Title: As Petals Fall

Fandom: Saiyuki

Characters: Kenren & Tenpou

Prompt: 85-Myth

Word Count: 602

Rating: PG

Summary: A conversation beneath the sakura.

In the fields of Heaven, the sakura trees were always in full bloom. Beneath one of the largest trees within the city of Heaven, two gods sat, sharing a bottle of sake as they watched the pink petals fall to the green grass below.

One arm folded behind his head as he rested against the large trunk of the tree, Kenren sighed as he looked up. "This has got to be my favorite of all the sakura around here," he told Tenpou, who sat beside him sipping sake. "This tree has character. Sometimes I feel as though I know every branch and blossom on this thing."

"It might be because you spend more time out here resting on its branches than you do commanding your troops," Tenpou remarked, his voice colored by humor.

Kenren shot him an amused glance. "I could say a similar thing about you and those books of yours, you know."

Tenpou chucked. "I suppose that you could," he conceded.
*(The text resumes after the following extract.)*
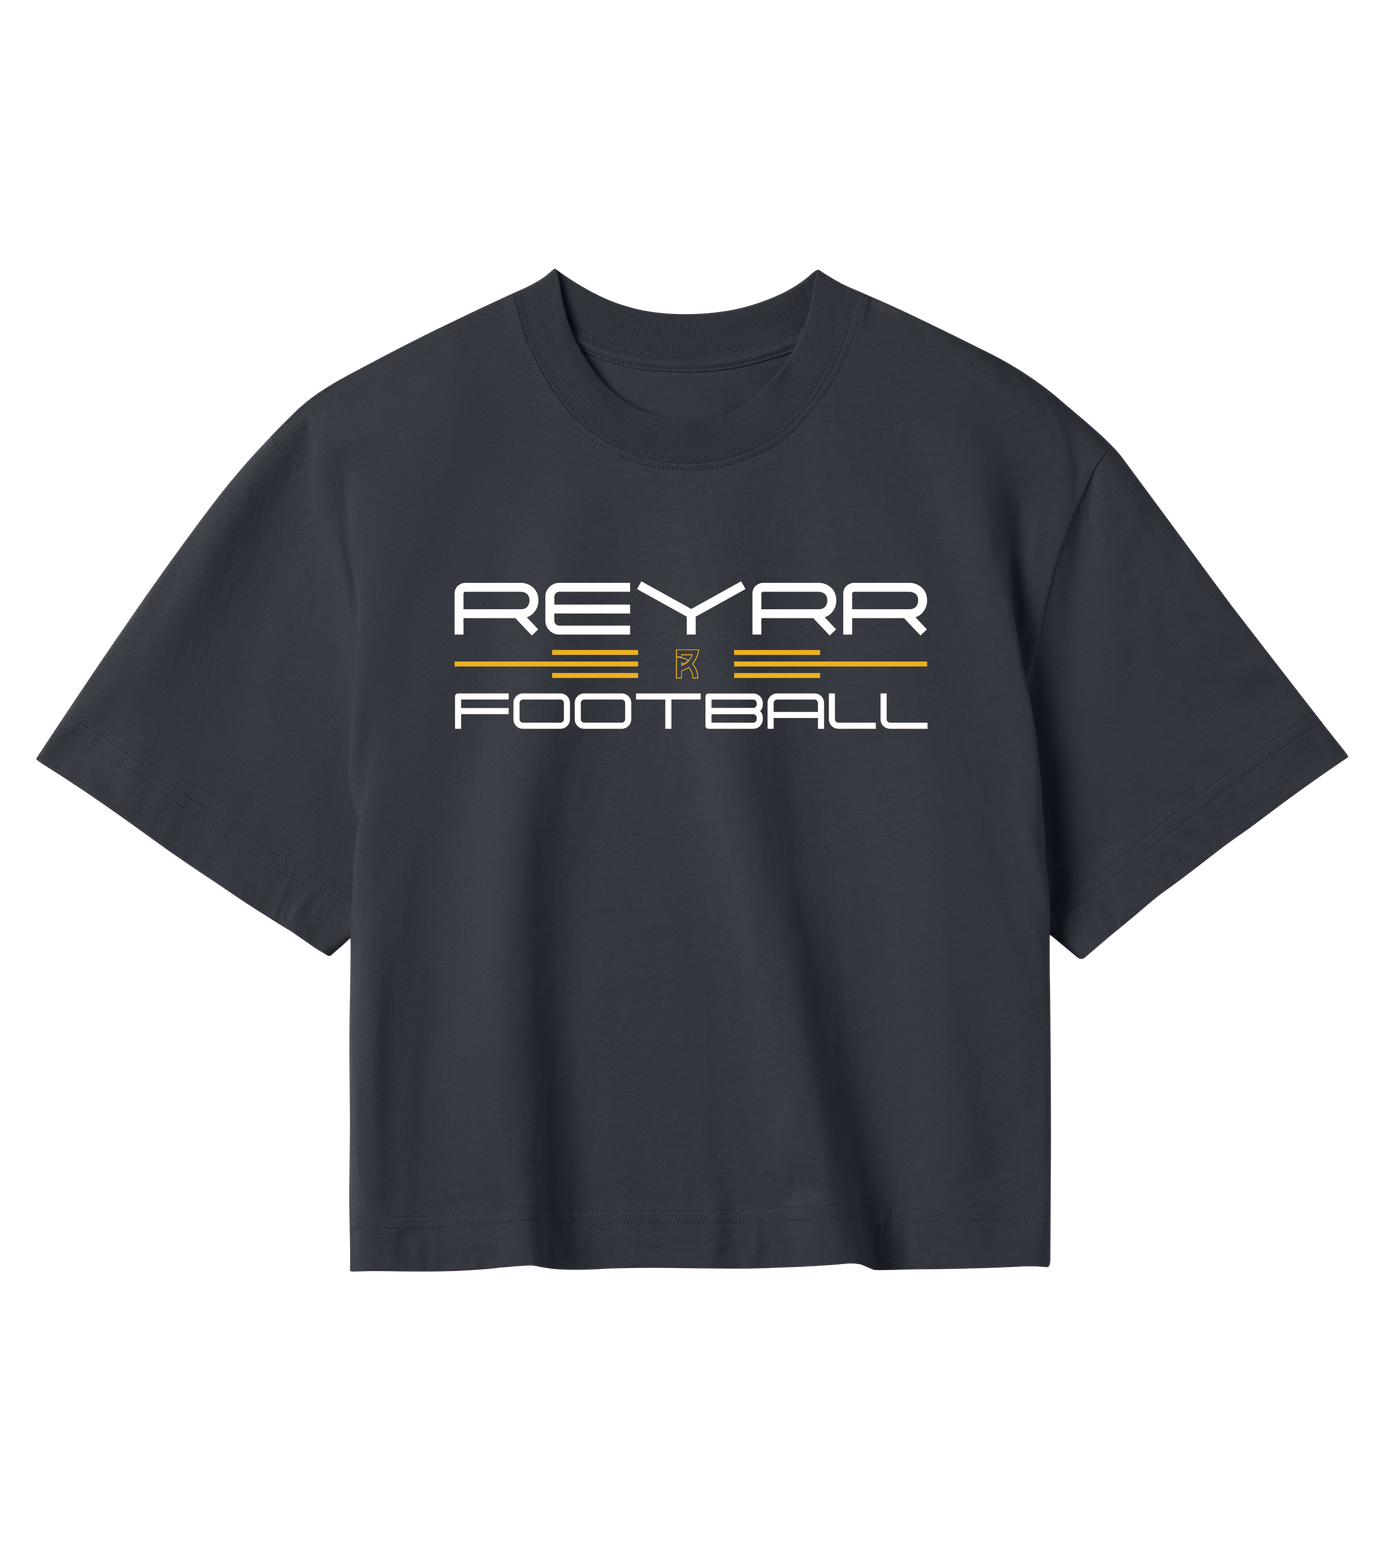 Reyrr Crop Top W - Premium crop_top from REYRR STUDIO - Shop now at Reyrr Athletics

The gaze that he cast up into the stream of falling petals became more somber. "Whenever I look up at them," Tenpou continued, "it reminds me of a story that I heard once. They say in the world below that when a warrior is sentenced to die by his own hand, he does so under trees like these, and his body is buried there, making the usual white petals turn this shade of pink."

"So it's death that makes these flowers so beautiful?" Kenren asked. "The people under heaven are pretty morbid."
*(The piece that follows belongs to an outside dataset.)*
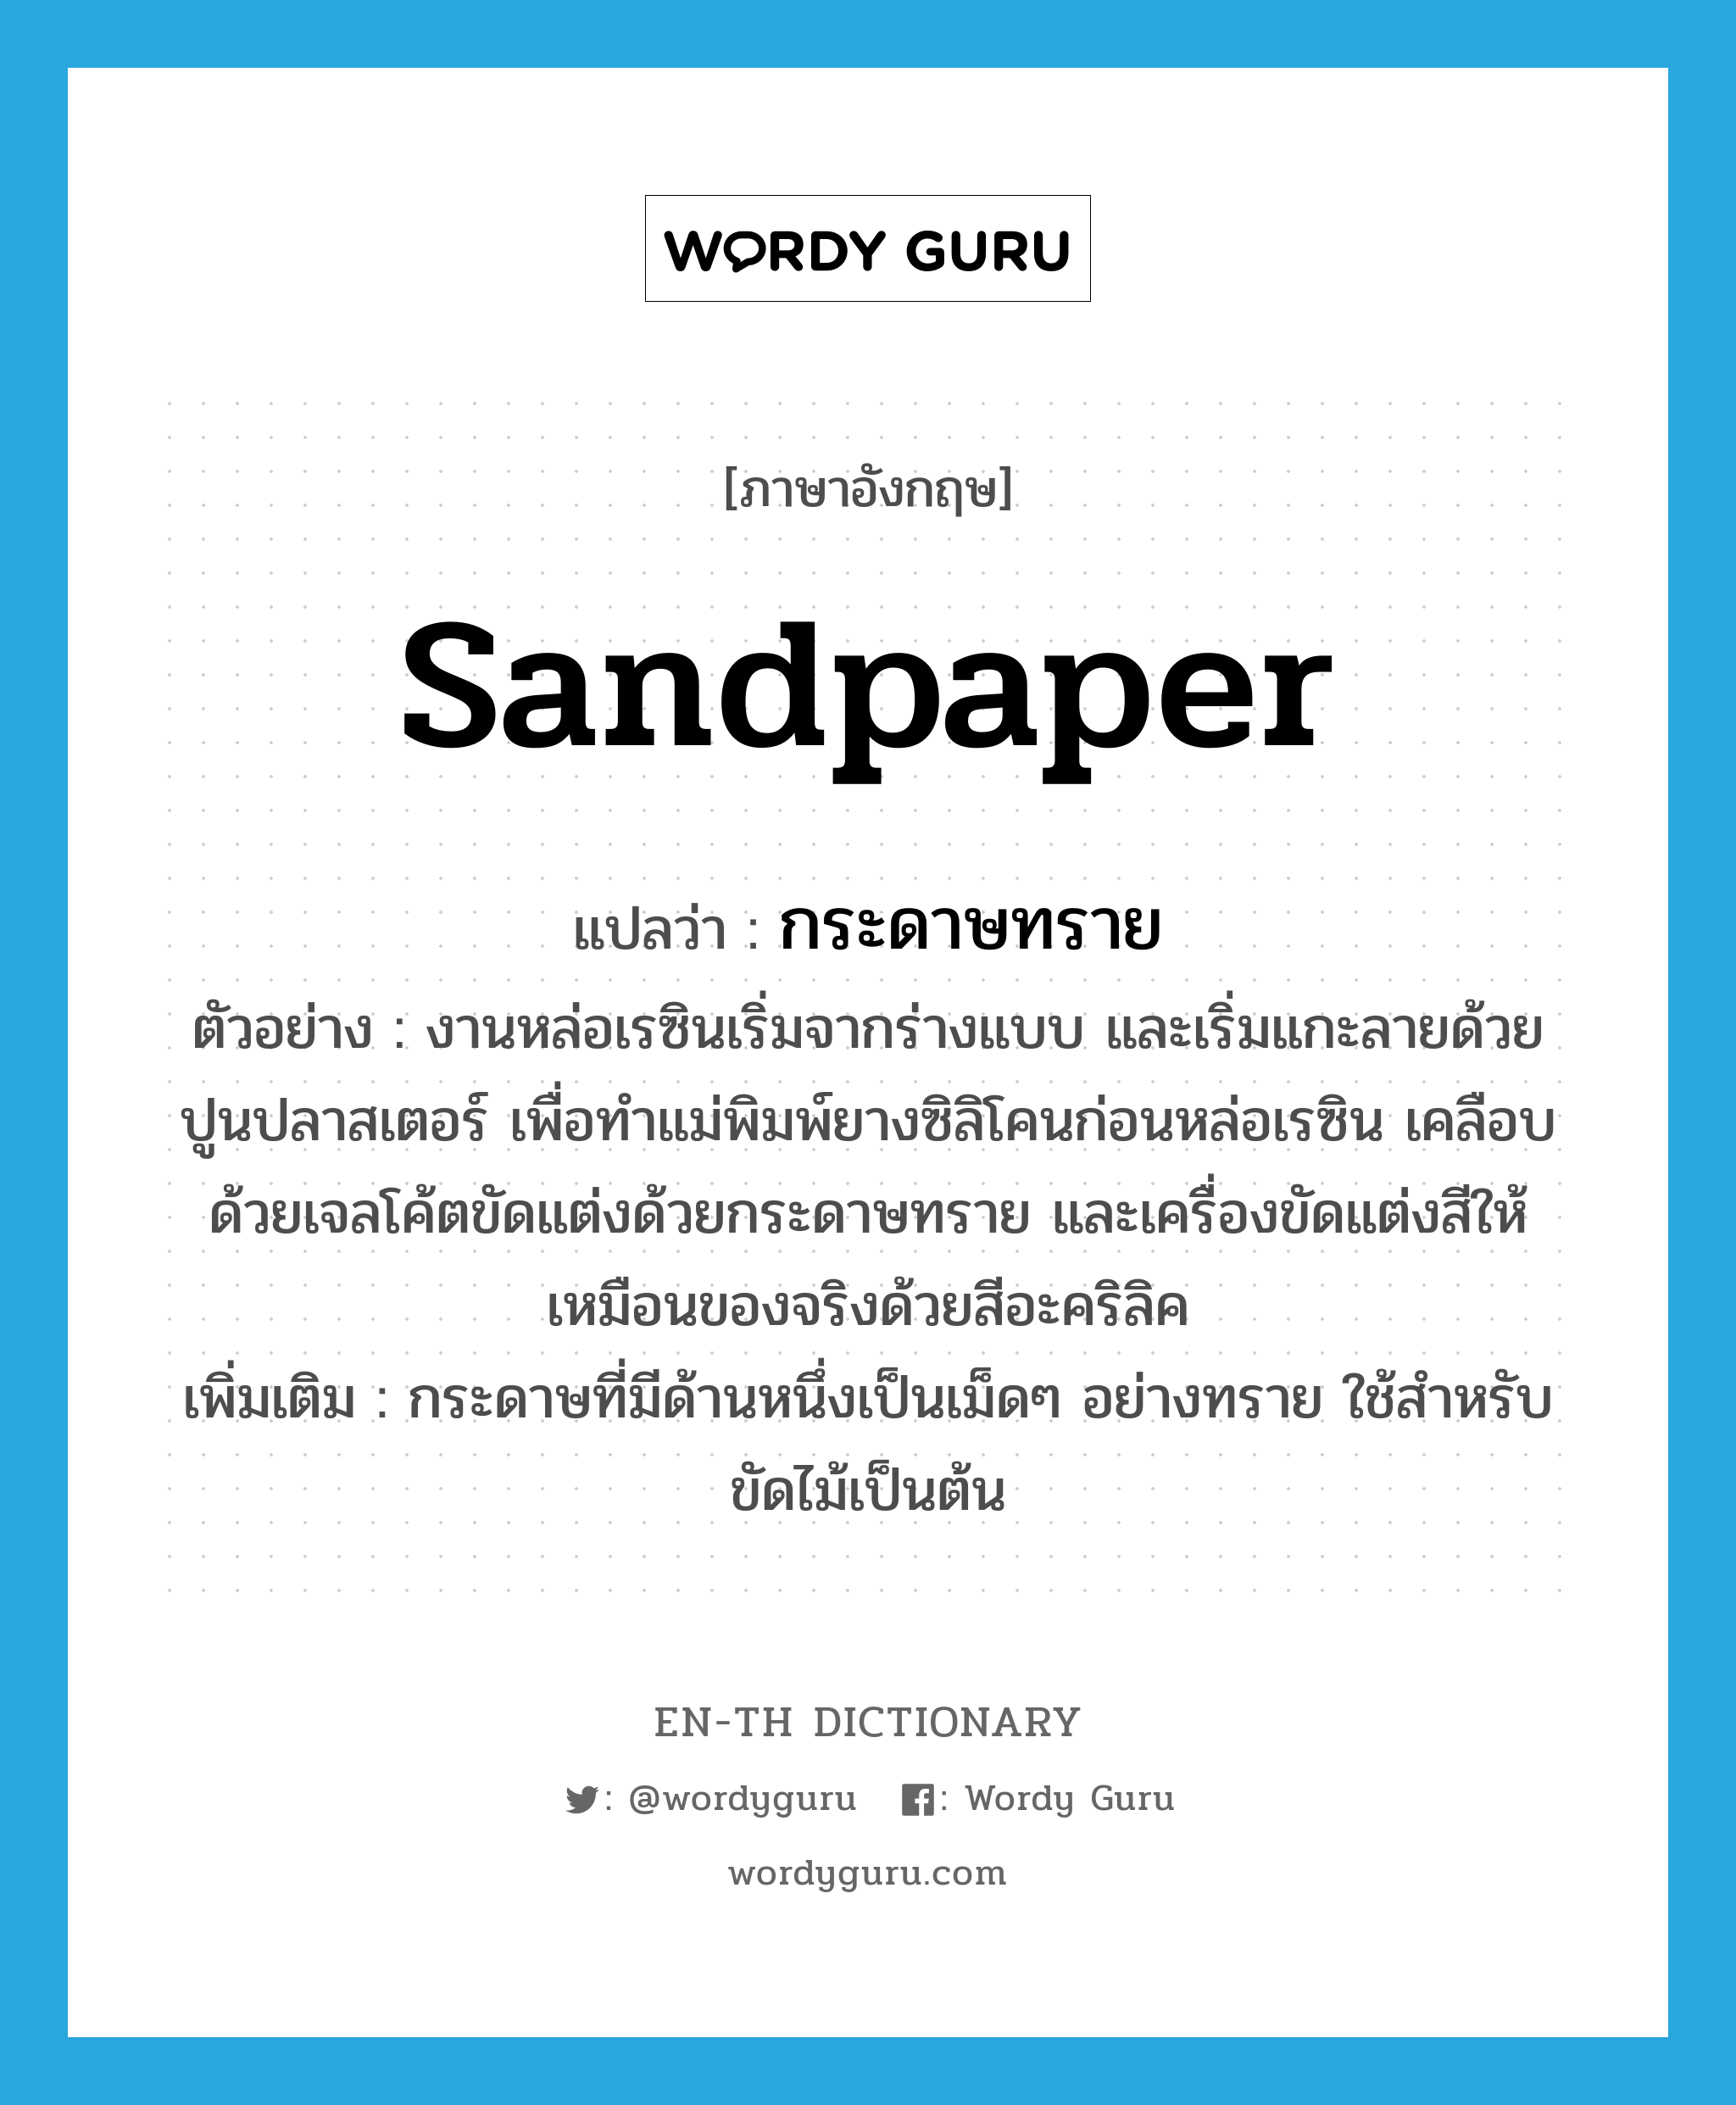 sandpaper แปลว่า?, คำศัพท์ภาษาอังกฤษ sandpaper แปลว่า กระดาษทราย ประเภท N ตัวอย่าง งานหล่อเรซินเริ่มจากร่างแบบ และเริ่มแกะลายด้วยปูนปลาสเตอร์ เพื่อทำแม่พิมพ์ยางซิลิโคนก่อนหล่อเรซิน เคลือบด้วยเจลโค้ตขัดแต่งด้วยกระดาษทราย และเครื่องขัดแต่งสีให้เหมือนของจริงด้วยสีอะคริลิค เพิ่มเติม กระดาษที่มีด้านหนึ่งเป็นเม็ดๆ อย่างทราย ใช้สำหรับขัดไม้เป็นต้น หมวด N

"Perhaps," Tenpou replied, watching the pink blossoms float down on a gentle current of air. "It makes you wonder, though, whose bodies are feeding the trees up here."
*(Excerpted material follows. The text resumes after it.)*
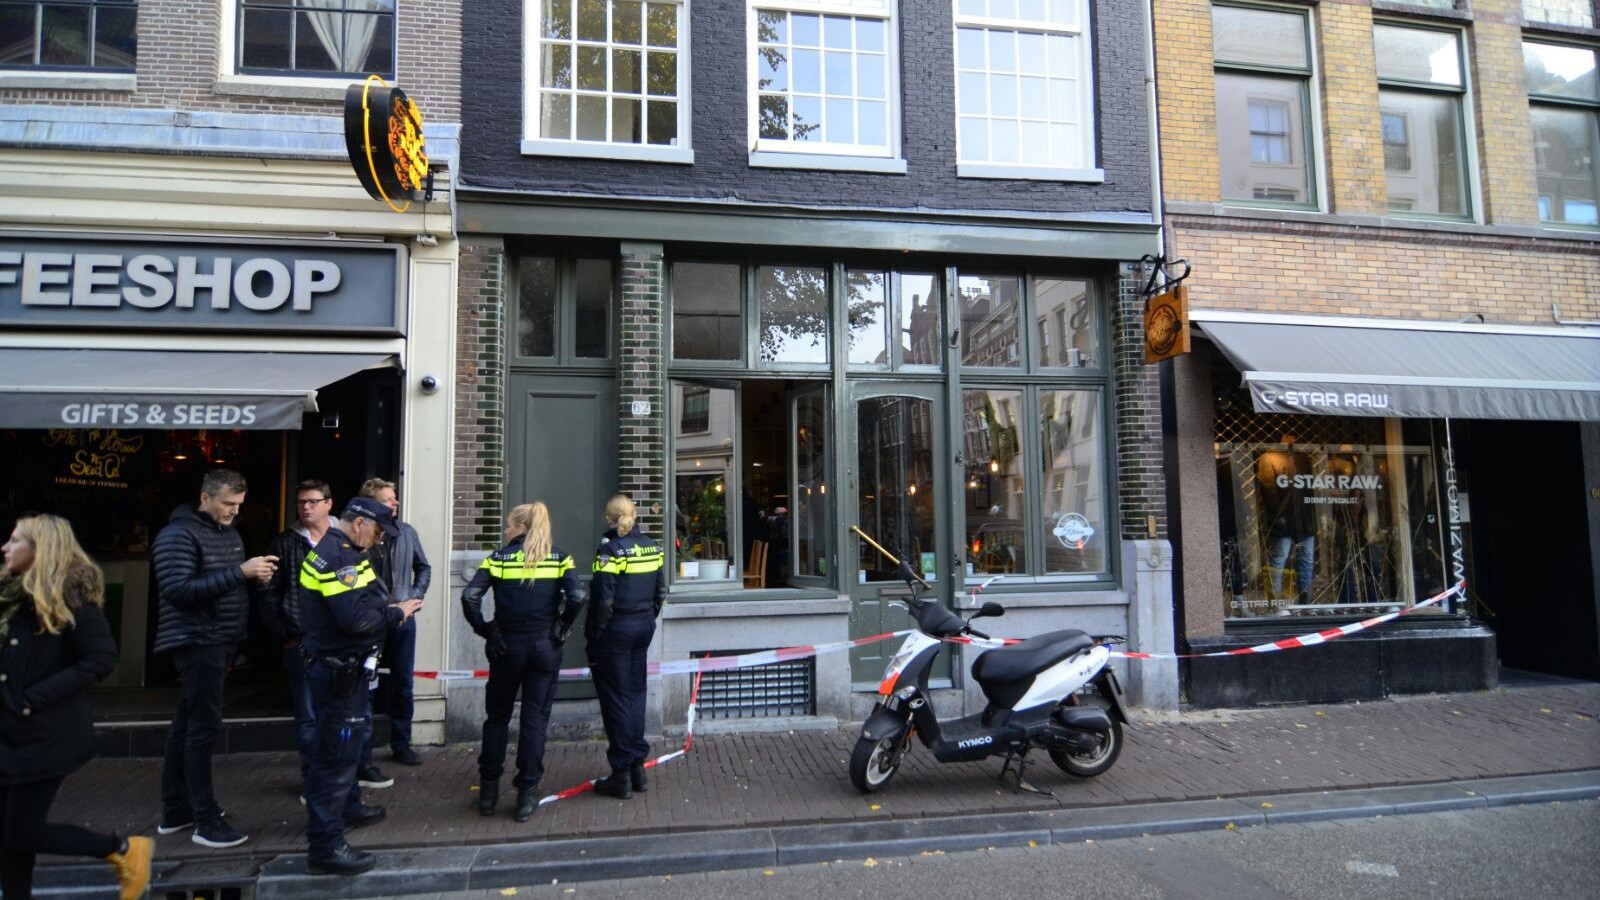 Restaurant Haarlemmerstraat meerdere keren beschoten

Kenren turned to the other god slightly, a soft smile on his face. "You can be very strange sometimes, Tenpou. It's a wonder how I put up with you."

"Oh, I don't know," Tenpou answered, his voice tinged with amusement. "I suppose that I could say the same thing of you."

Kenren chuckled in response, and the two gods sat in companionable silence for a while on the blanket of sakura petals. After a few moments, Tenpou turned to gaze over at his friend, whose dark eyes were cast up at the bough of the tree. The sunlight cast shadows on his face which moved in time to the gentle swaying of the tree's branches. It seemed like they could sit like this forever. Side by side, as it should be. They were gods, after all. With Nataku as war god, it seemed as though the armies of heaven would have to worry little about losing their divine lives in battle, but could such a state last forever?

"Do you know what happens when gods die?" Tenpou asked his companion suddenly, though he knew the answer.

"Sure," Kenren replied. "Their souls fall into the cycle of death and rebirth in the world below." He frowned, shrugging. "It seems like a fate worse than Hell, if you ask me."

Gazing over into dark eyes, Tenpou wore a faint smile. "They say that you meet the people that you cared for in the previous life. A never ending circle of that doesn't seem all that bad to me."

Kenren frowned at his friend. "I suppose not, but what's all this talk about death? It's not like we really need to worry about that, not lately at least."

"I suppose not," Tenpou answered, his voice noncommittal. But he wondered that if it ever came to that, would he know the dark-haired god if he saw him in the world under heaven?